■ INFORMATION PROVIDED
Segment Open

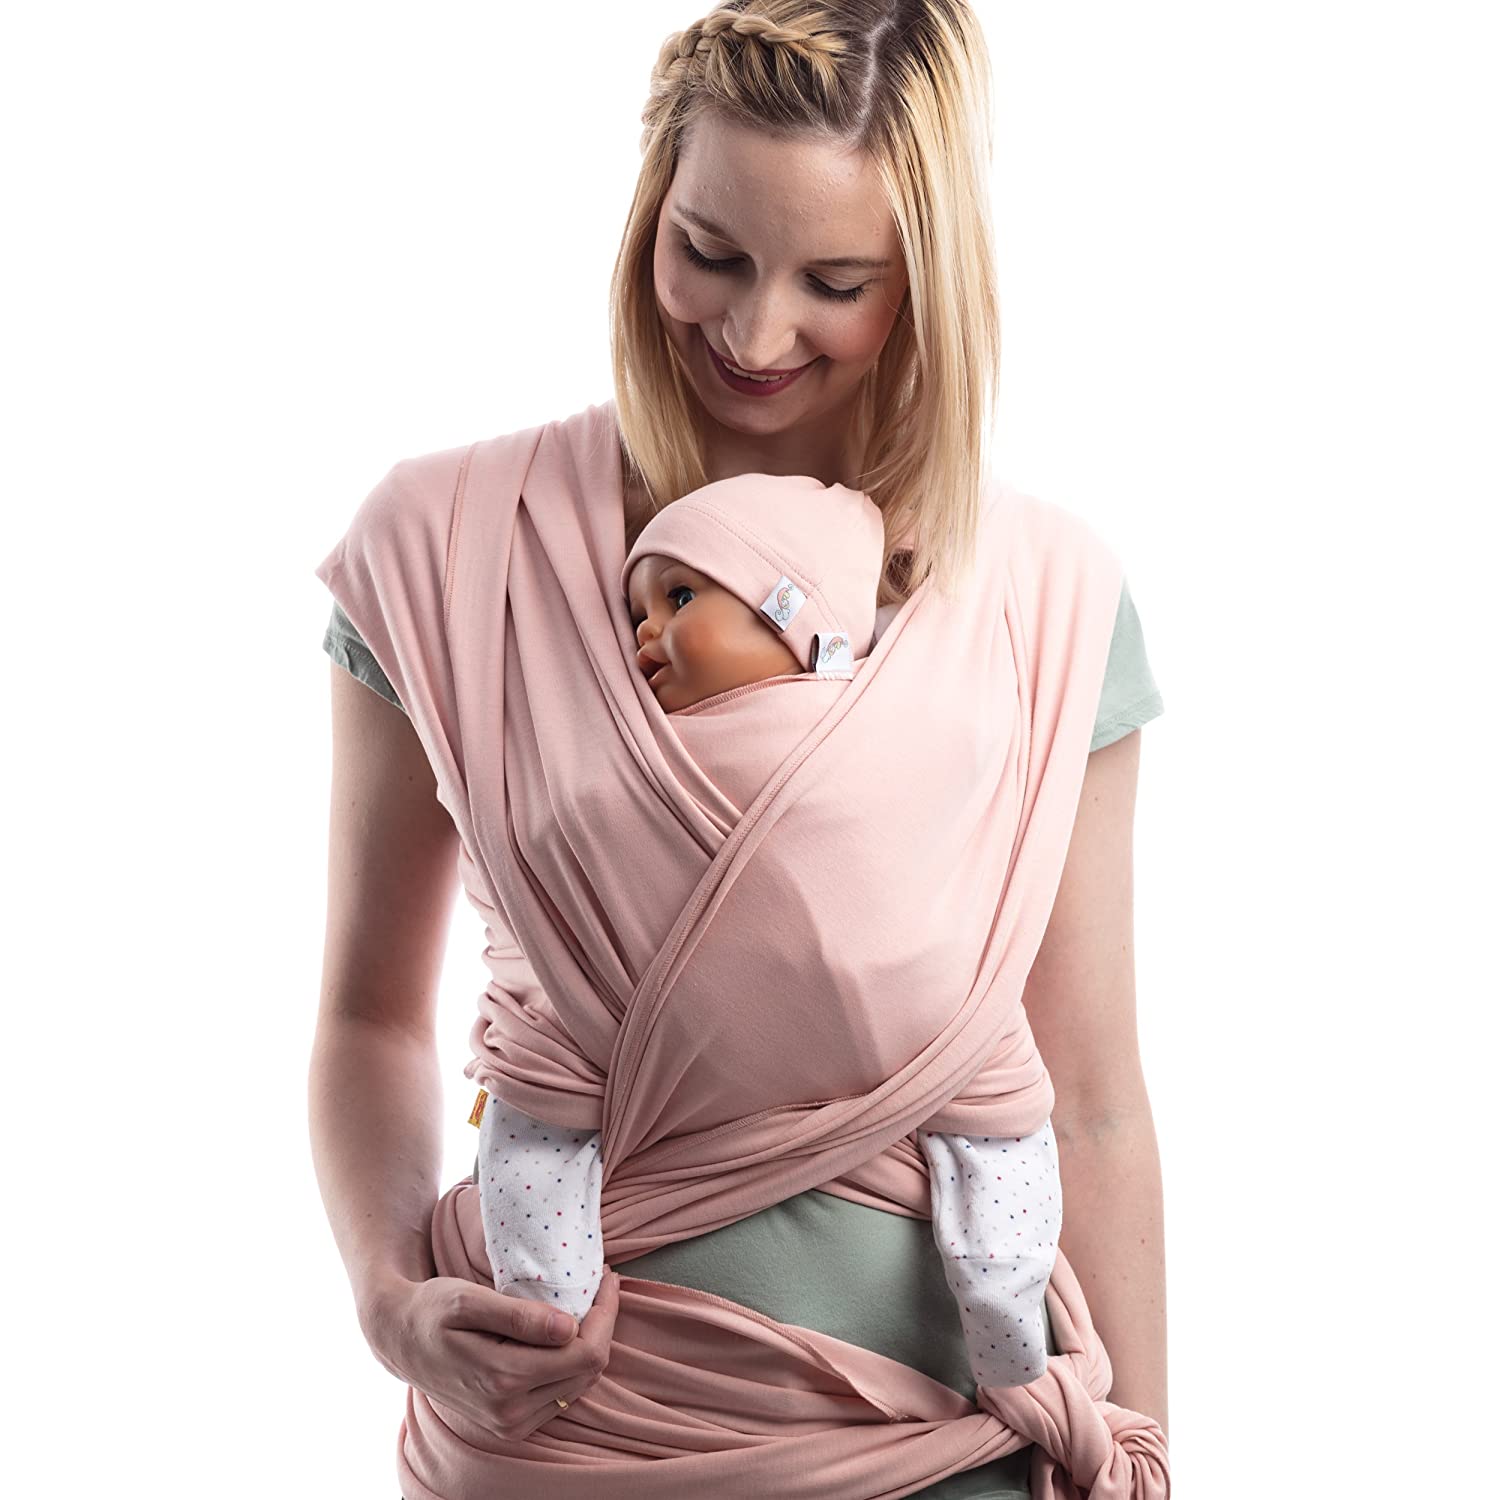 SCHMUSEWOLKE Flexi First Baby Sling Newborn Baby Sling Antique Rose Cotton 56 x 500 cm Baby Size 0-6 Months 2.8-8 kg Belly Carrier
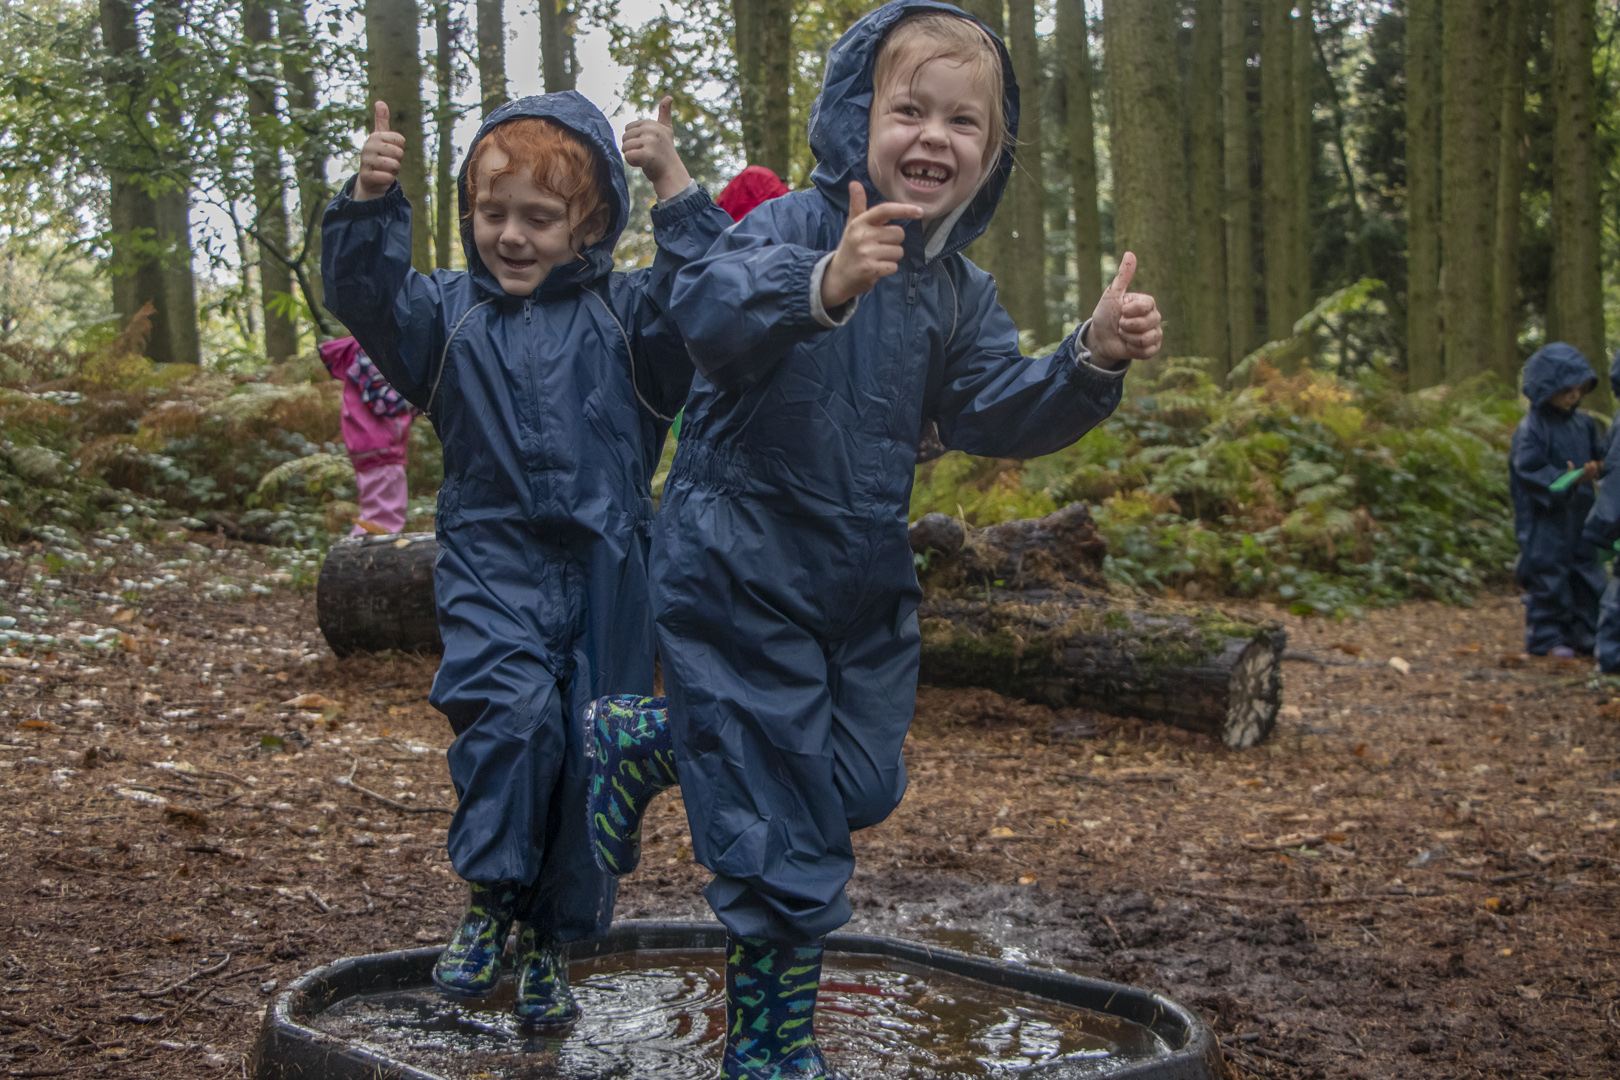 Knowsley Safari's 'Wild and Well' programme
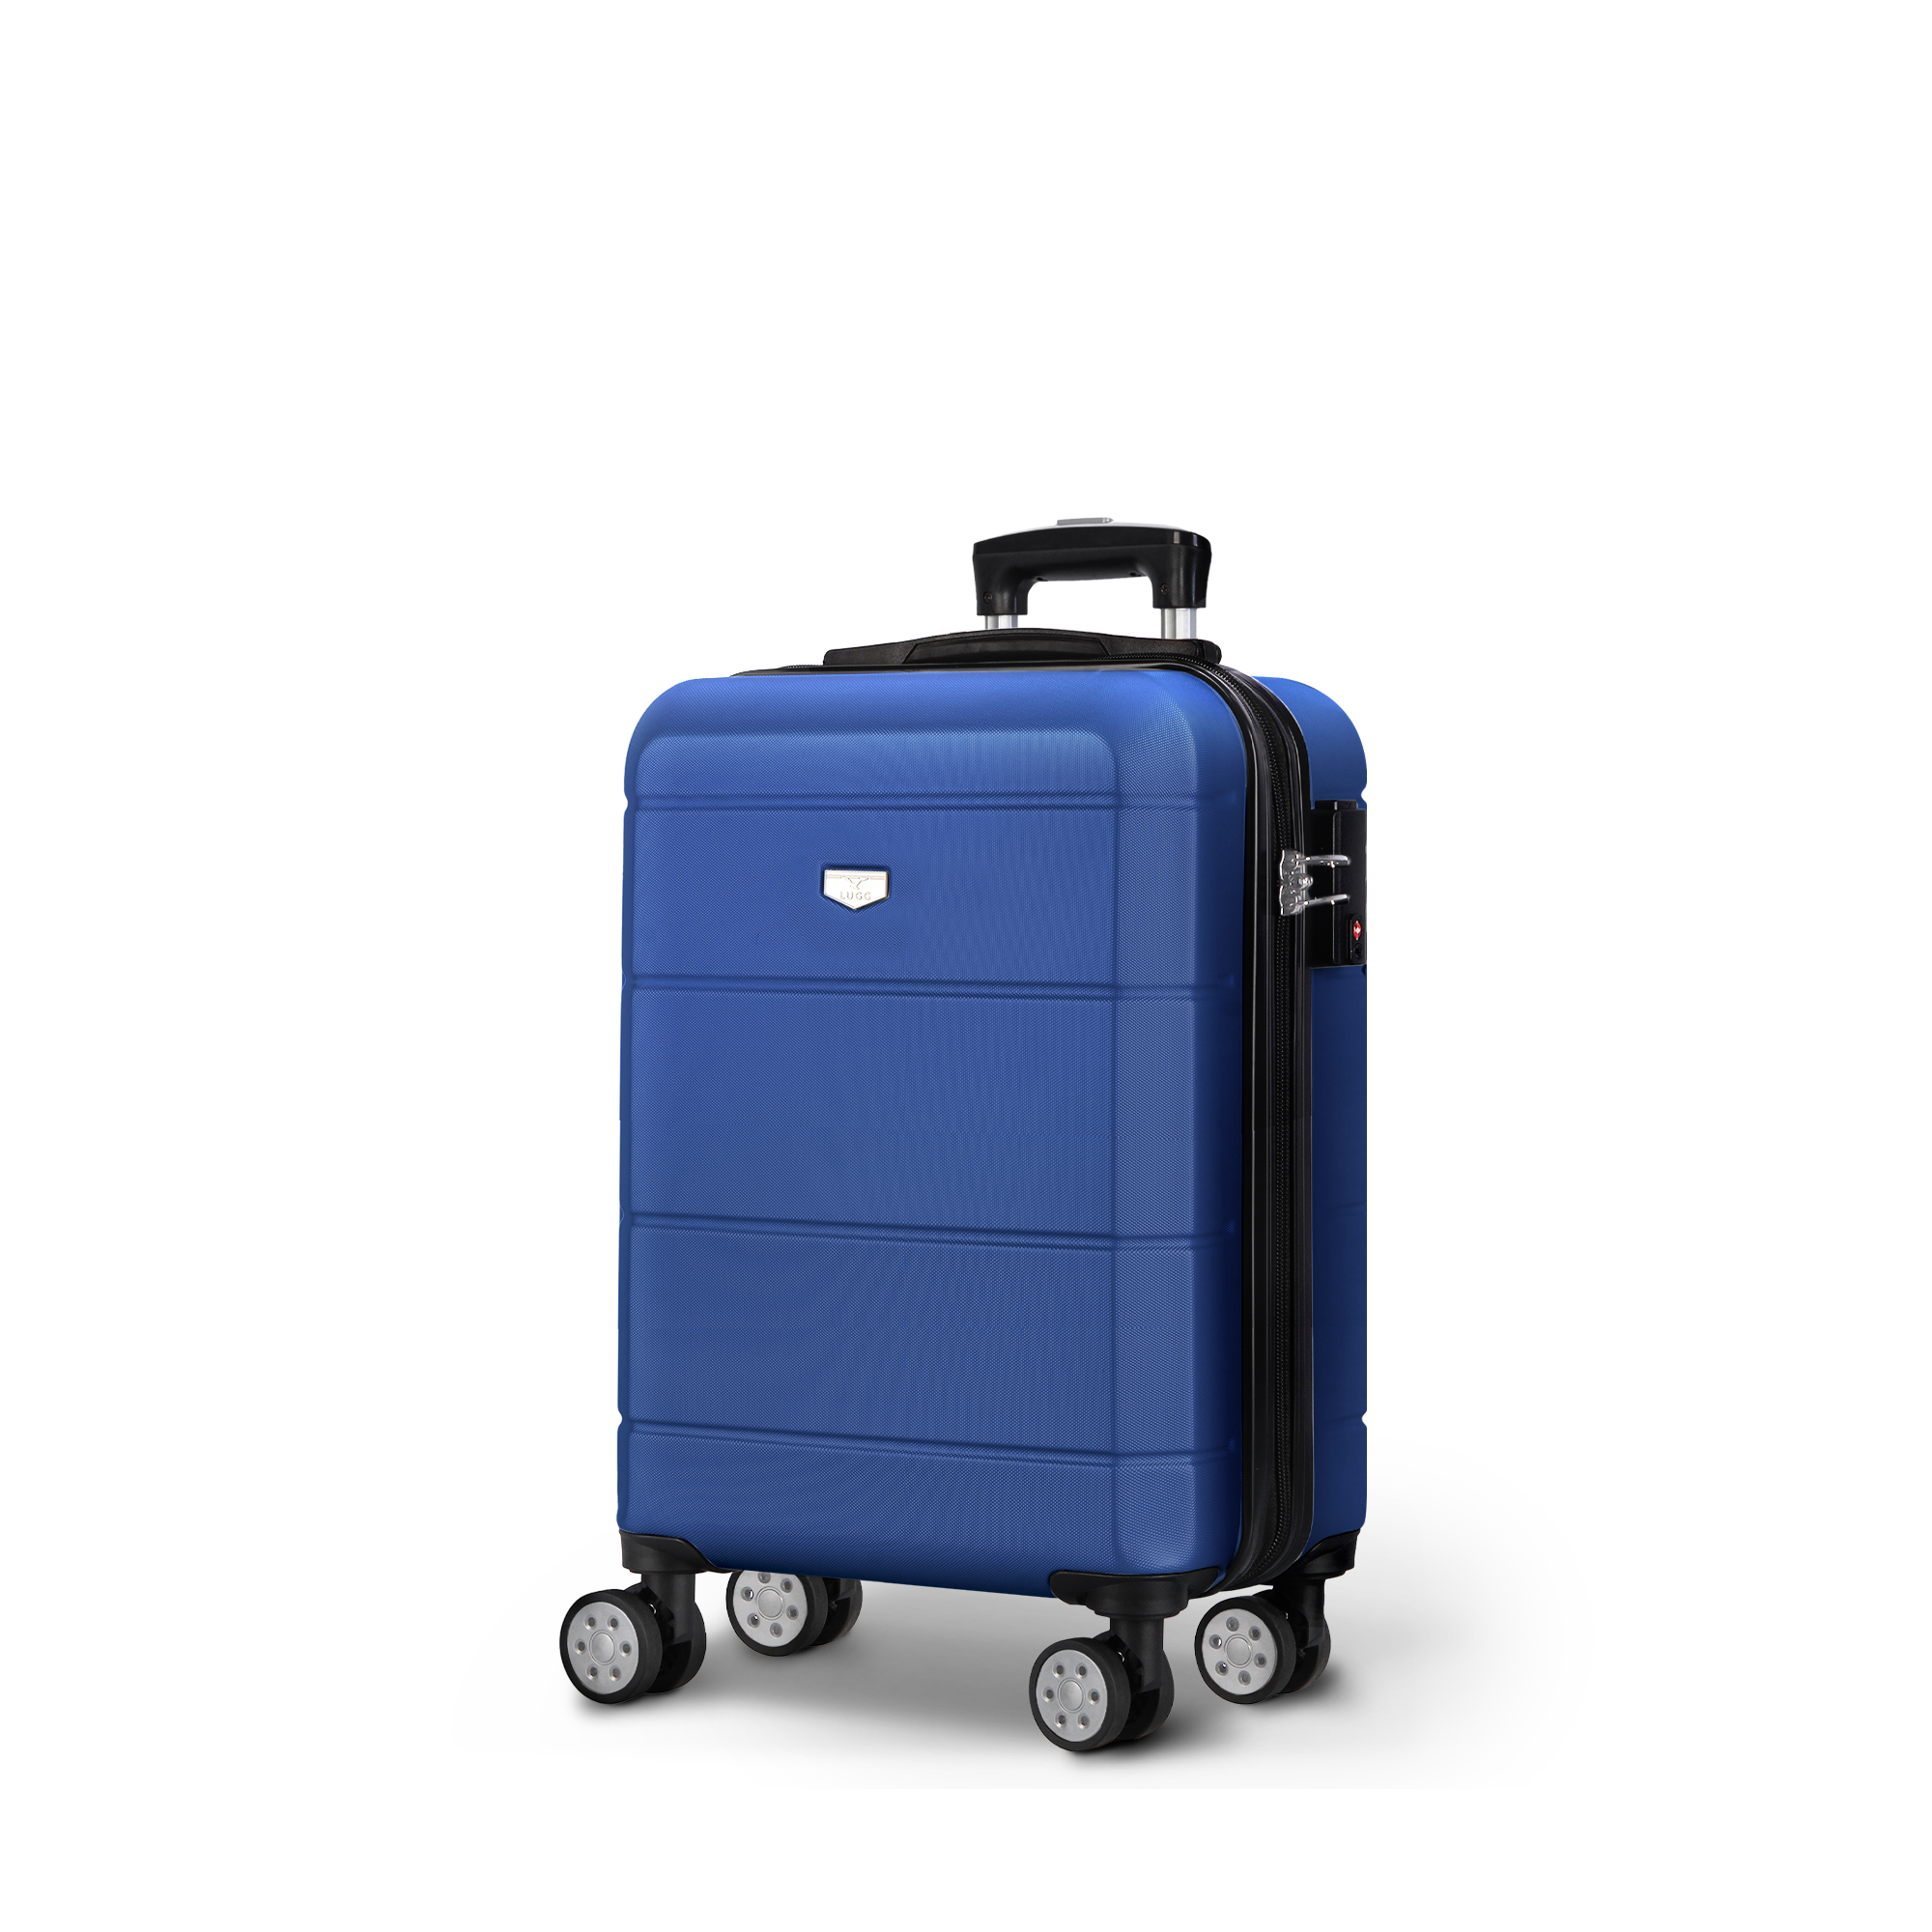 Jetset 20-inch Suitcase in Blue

Segment Closed

■ WORK TASK
Please return the whole listing exactly. Do not copy its images.

■ RESPONSE BOX
 SCHMUSEWOLKE Flexi First Baby Sling Newborn Baby Sling Antique Rose Cotton 56 x 500 cm Baby Size 0-6 Months 2.8-8 kg Belly Carrier
 Knowsley Safari's 'Wild and Well' programme
 Jetset 20-inch Suitcase in Blue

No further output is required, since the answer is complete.